Building Anomalous Detections
With some provided telemetry, sometimes it’s difficult to determine if an action is malicious or just an engineer doing their job. For example, building an alert on just whenever a key vault item is retrieved could be a poor detection because it’s typical for an engineer to retrieve that key vault item every day in that environment. However, if that engineer then retrieves 50 other key vault items, that is something anomalous and something that should be investigated. Building a detection based on anomalous behavior can be straightforward for actions that occur rarely, but building an anomalous detection for something that occurs often can be challenging. By monitoring activity via KQL, a baseline can be established and then that baseline can be later referenced in the same query to return any outliers, suggesting anomalous activity.
Take an example of an engineer who typically retrieves a key vault secret 5 times a day.
let EventCountThreshold = 5;
let OperationList = dynamic(["SecretGet", "KeyGet", "VaultGet"]);
let KeyVaultGetEvents48 = AzureDiagnostics
| where TimeGenerated > ago(48h)
| where TimeGenerated < ago(24h)
| where ResourceProvider == "MICROSOFT.KEYVAULT"
| where OperationName in (OperationList)
| summarize Count48 = count() by OperationName, identity_claim_appid_g
| where Count48 > EventCountThreshold;
First, this query sets a threshold of 5, meaning only look at the following KeyVault operations that have occurred more than 5 times in the last 48 hours.

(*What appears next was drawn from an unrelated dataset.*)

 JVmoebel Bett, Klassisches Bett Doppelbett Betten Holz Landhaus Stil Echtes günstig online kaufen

Then, it establishes a variable called ‘Count48’, which will retrieve all-time times a specific user gathered a KeyVault item. For the example engineer, that count is 5.

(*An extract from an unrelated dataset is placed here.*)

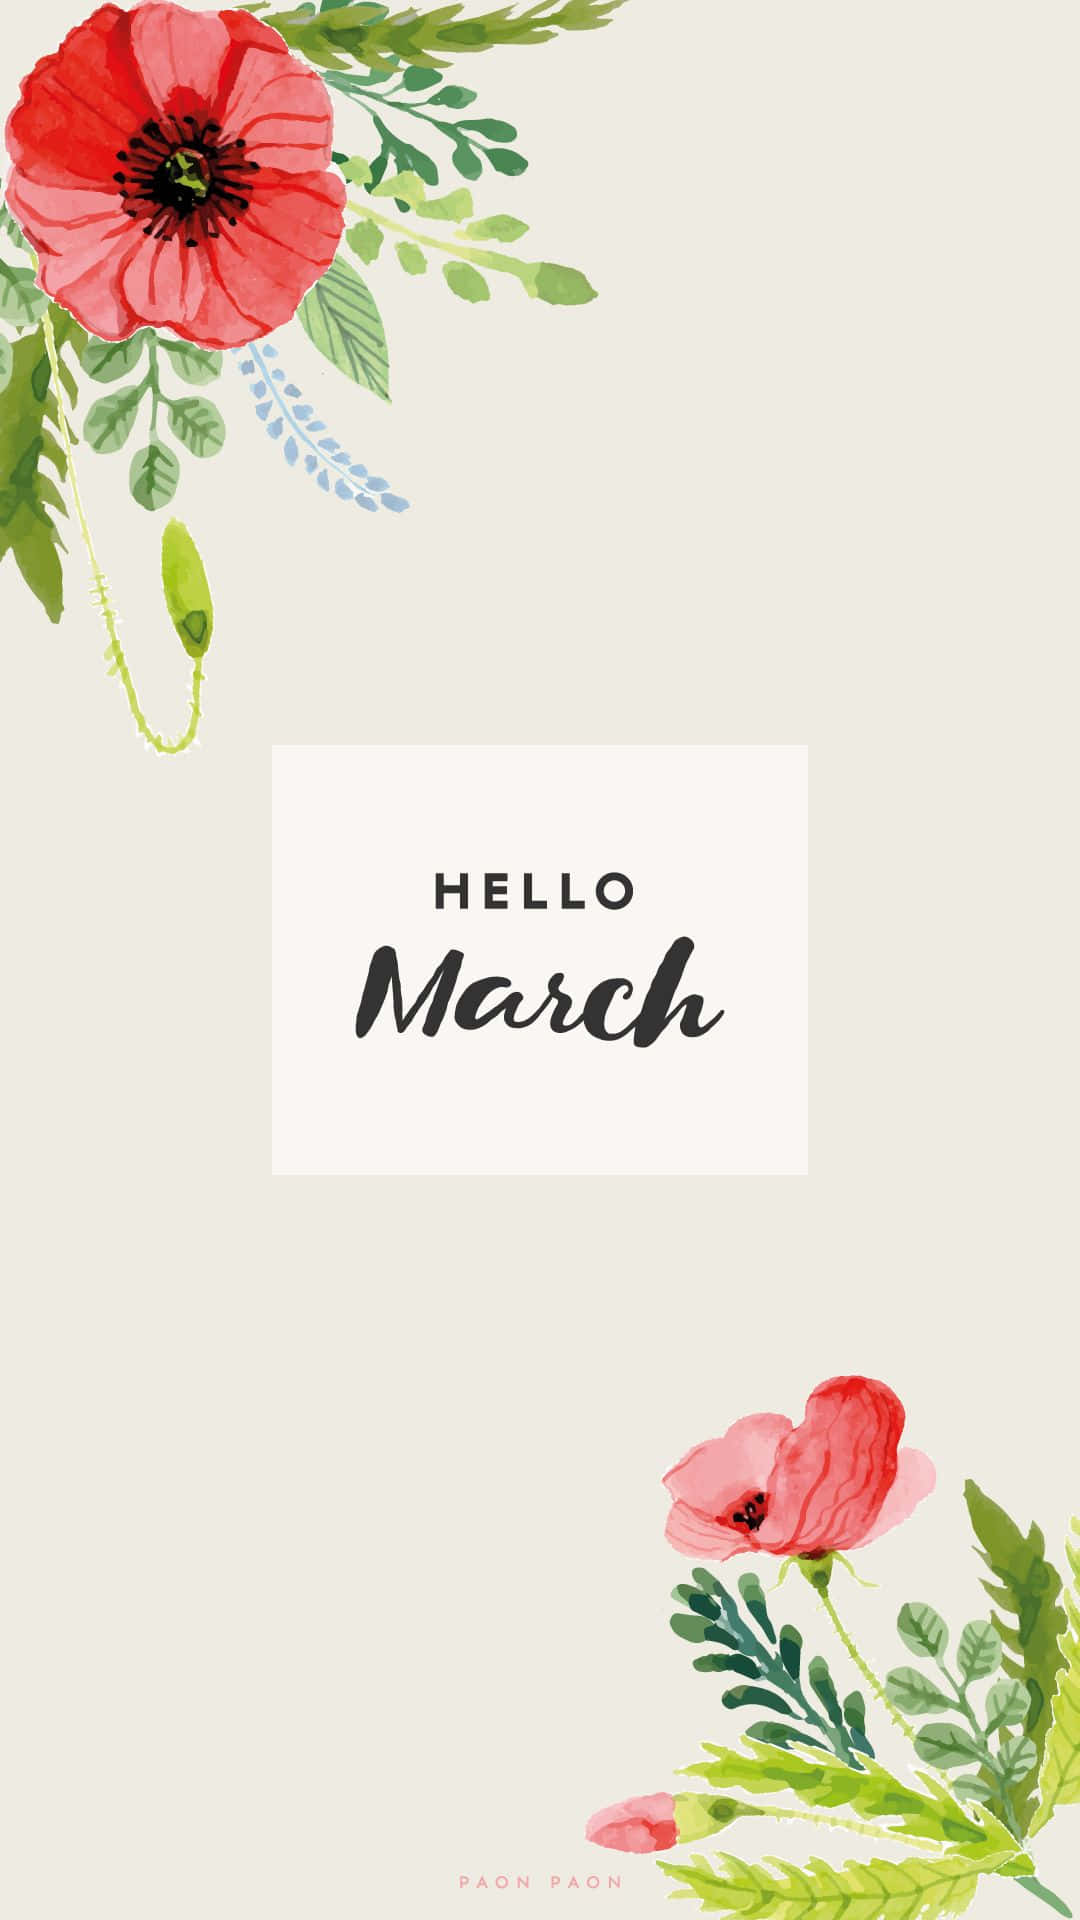 Fejr de nye begyndelser af forår med Sød marts! Wallpaper

This query represents establishing a baseline of activity from 48 hours ago, to 24 hours ago. In other words, it represents the activity from two days ago up to one day ago. Now, this baseline data can then be referenced for activity over the past 24 hours and compared. Since the engineer typically will retrieve 5 items a day, the expected count for the past 24 hours should also be ‘5’. If the count for the past 24 hours is not 5 and if the percentage difference is greater than a 20% difference, the query will return the ID of the engineer and the percentage difference.
let KeyVaultGetEvents24 = AzureDiagnostics
| where TimeGenerated > ago(24h)
| where ResourceProvider == "MICROSOFT.KEYVAULT"
| where OperationName in (OperationList)
| where not(identity_claim_appid_g in (AllowedAppId))
| summarize Count24 = count() by OperationName, identity_claim_appid_g
| where Count24 > EventCountThreshold;
KeyVaultGetEvents48
| join kind=inner KeyVaultGetEvents24 on identity_claim_appid_g
| extend PercentageDifference = round(((todouble(Count24) - todouble(Count48)) / todouble(Count48)) * 100, 2)
| where PercentageDifference > 19
| project OperationName, identity_claim_appid_g, Count48, Count24, PercentageDifference
Baselining within KQL itself is difficult in larger environments, so by using a percentage difference instead of a hardcoded number is recommended to avoid false positives.
Closing Thoughts
A detection’s complexity varies depending on the granularity of the actual detection, but a solid detection does not have to be complex. The detection should fit the environment that is being monitored instead of having a ‘one detection fits all’ method. AzDetectSuite is meant to introduce basic detections are a very low cost, but those queries are free to be modified to an environment and can be stripped to be more basic or built upon to be more complex.